DIRECTIONS: Everything below from the line with "20.10.2017: Einlösung des" through the line with "Dark Garden Tne" should be copied exactly, and nothing else; leave out the pictures.
── EXCERPTED DATA
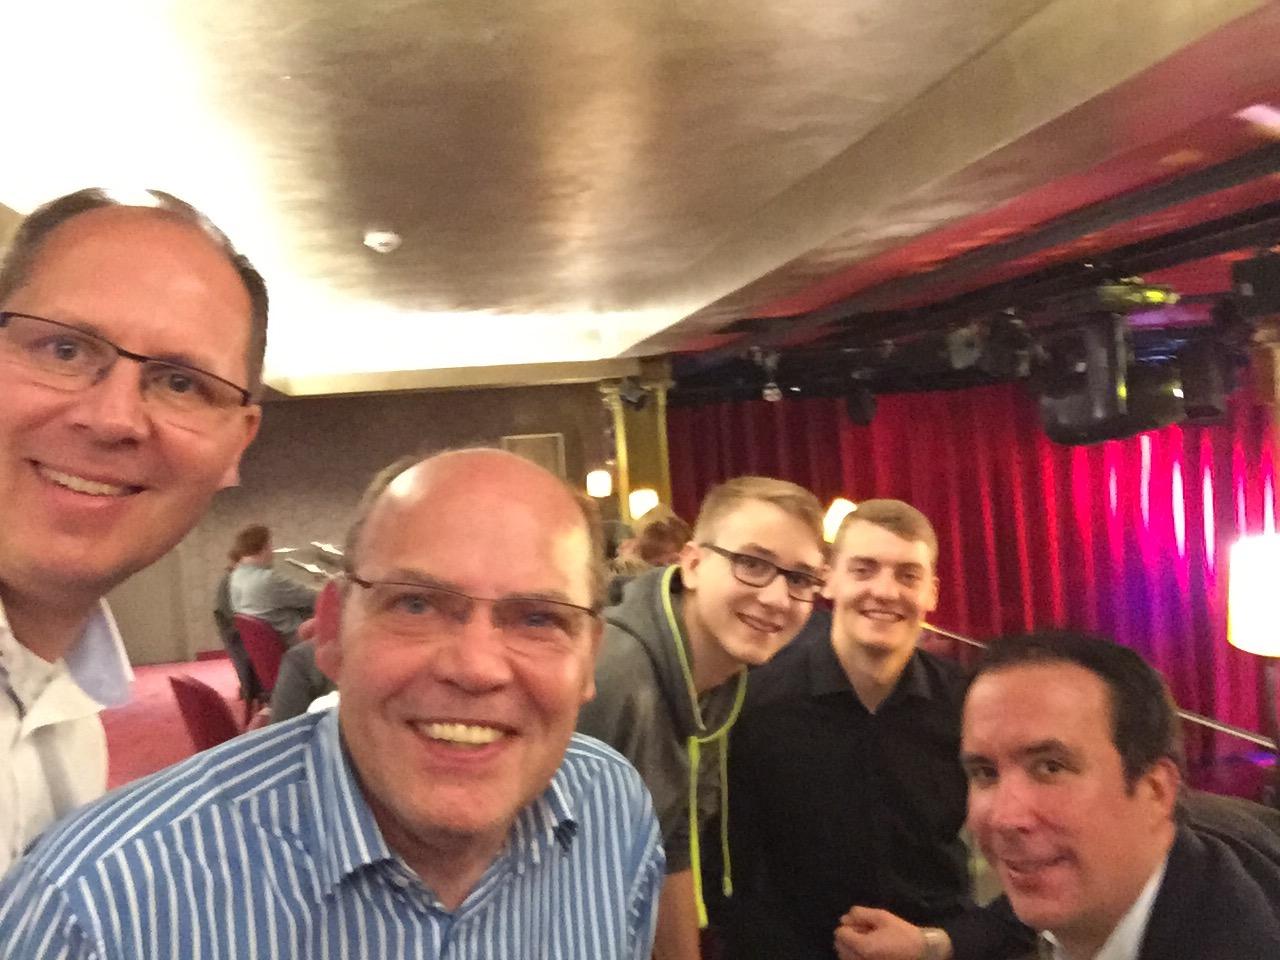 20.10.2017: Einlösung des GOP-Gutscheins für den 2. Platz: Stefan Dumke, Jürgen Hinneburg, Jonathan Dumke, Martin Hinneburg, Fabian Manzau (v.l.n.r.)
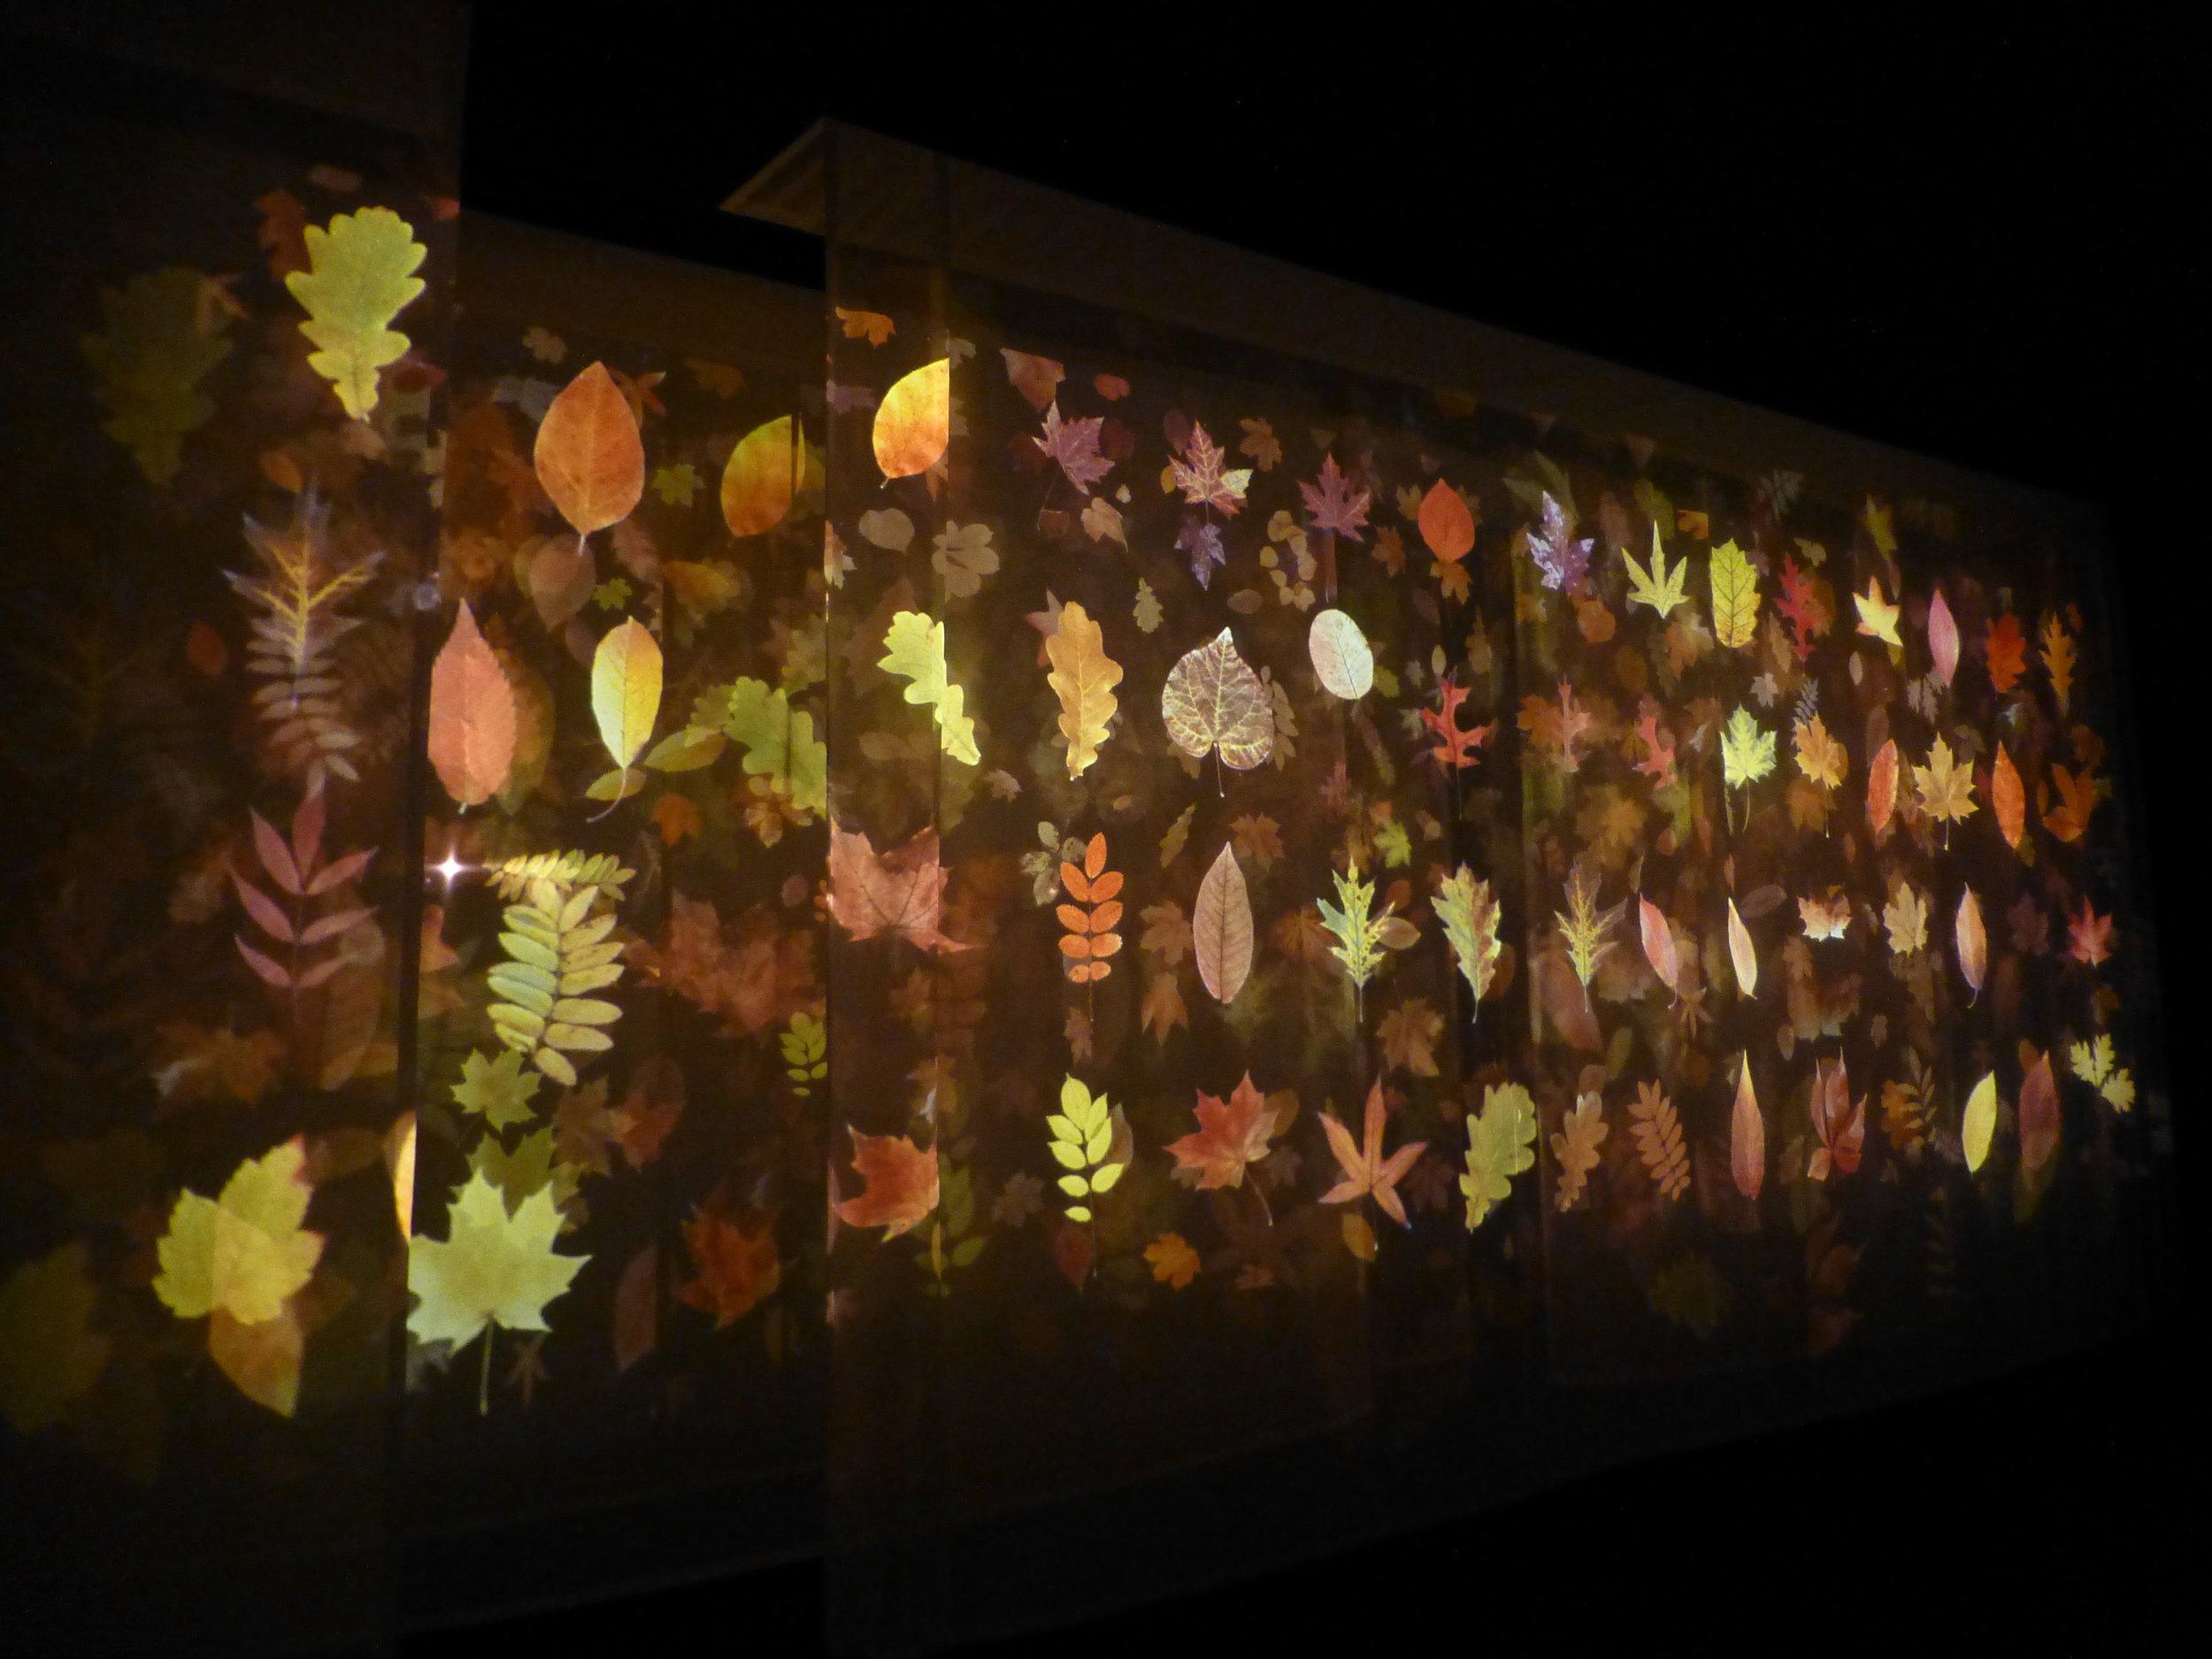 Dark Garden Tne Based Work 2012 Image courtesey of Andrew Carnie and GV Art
────
── EXCERPTED DATA
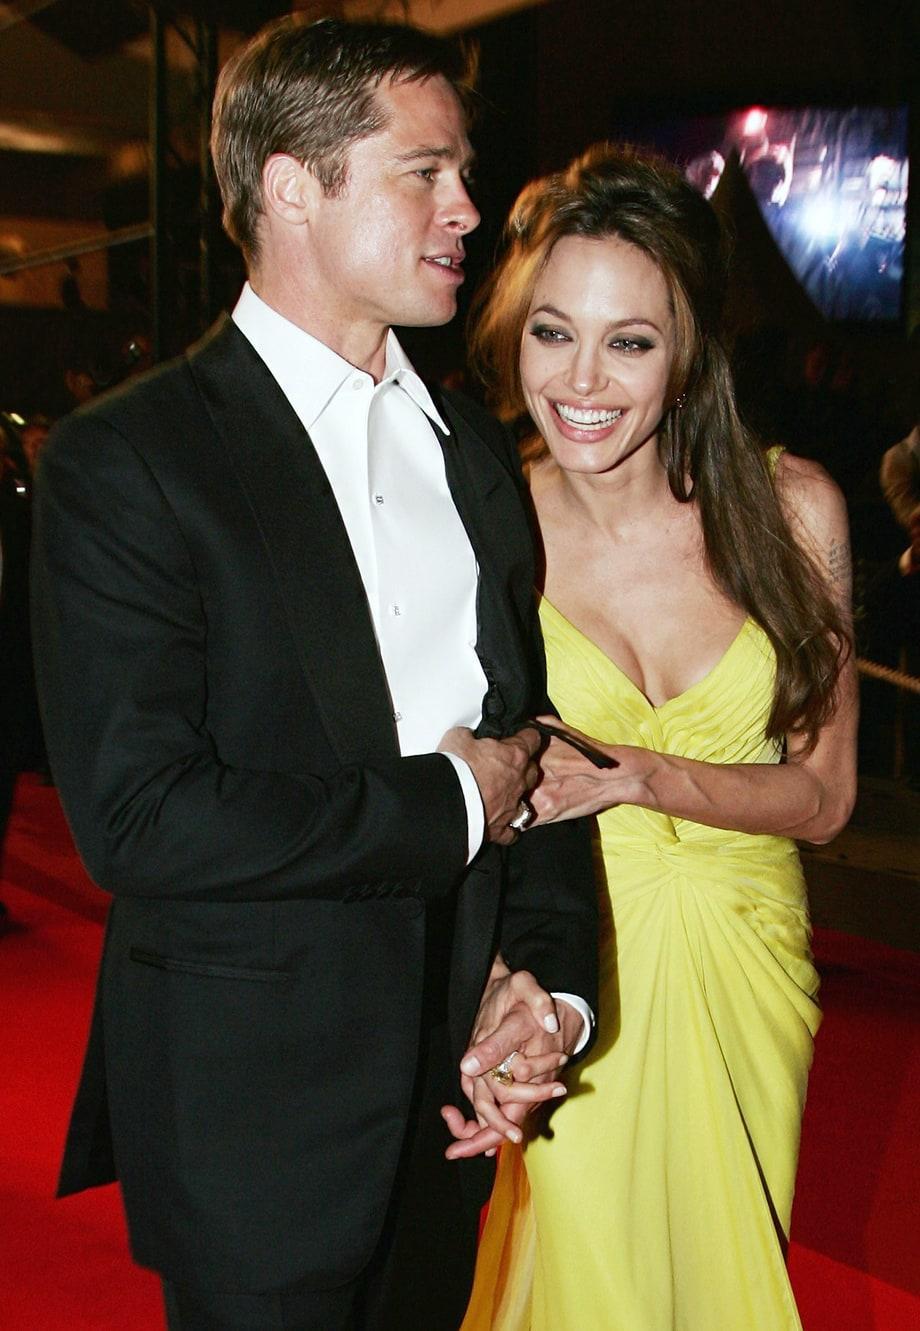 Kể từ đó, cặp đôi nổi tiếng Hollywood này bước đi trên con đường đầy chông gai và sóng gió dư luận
────
SOLUTION FOR THIS EXERCISE:
 20.10.2017: Einlösung des GOP-Gutscheins für den 2. Platz: Stefan Dumke, Jürgen Hinneburg, Jonathan Dumke, Martin Hinneburg, Fabian Manzau (v.l.n.r.)
 Dark Garden Tne Based Work 2012 Image courtesey of Andrew Carnie and GV Art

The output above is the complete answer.